Just the other day, walking through a sleepy country town (Hawks Nest, NSW, AU), I was explaining to my partner how I'd love to have an AR overlay of the town that told me, statistically, what each person in each house was doing.
Ideally it'd consider an estimate of the house's value and use vision to assess the real-time appearance of the property to further hone its model.
If you could do that next, please. Oh and buy me a Vision Pro. Cheers.
Could easily extend the idea to zoom in on the map, constraining to various region sizes... The information gets a little "washed out" when you combine all the timezones into one blob.
Combined they make up about 33% of all activity, which is what you would expect if 100% of people spent every single day doing one of those things for ~8 hours. It's pretty much right in line with what I'd expect, possibly even a bit higher considering small children and retirees.
Full time people spend roughly 24% of their week working.
Factoring in PTO/holidays, roughly 20 years of education and 20 years retirement, part time and unemployment, that number drops quite a bit (I’d guess roughly half, to 12%).
Of course, some people start work earlier and retire later, and some work more than 40 hours per week.
Great execution.
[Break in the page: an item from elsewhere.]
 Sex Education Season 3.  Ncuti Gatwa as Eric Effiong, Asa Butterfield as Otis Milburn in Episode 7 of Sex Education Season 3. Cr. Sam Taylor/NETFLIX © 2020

Interesting to think about the peaks and troughs of global activity.
The Sleep numbers make a big claim: Right after Europe and West Africa have woken up (i.e. now) it says only 350 million people (4.25%) are sleeping. It's 01:08 in Anchorage and 06:08 in Recife. Over 1 billion people live in the Americas between these two time zones. Seems implausible that only a third of them are sleeping?
I think this is just going off sunrise and set +- some estimate. Which does not work as well the farther from the equator you get. It's light for hours up here before you wake, and we sleep like 2-4 hours after sunset.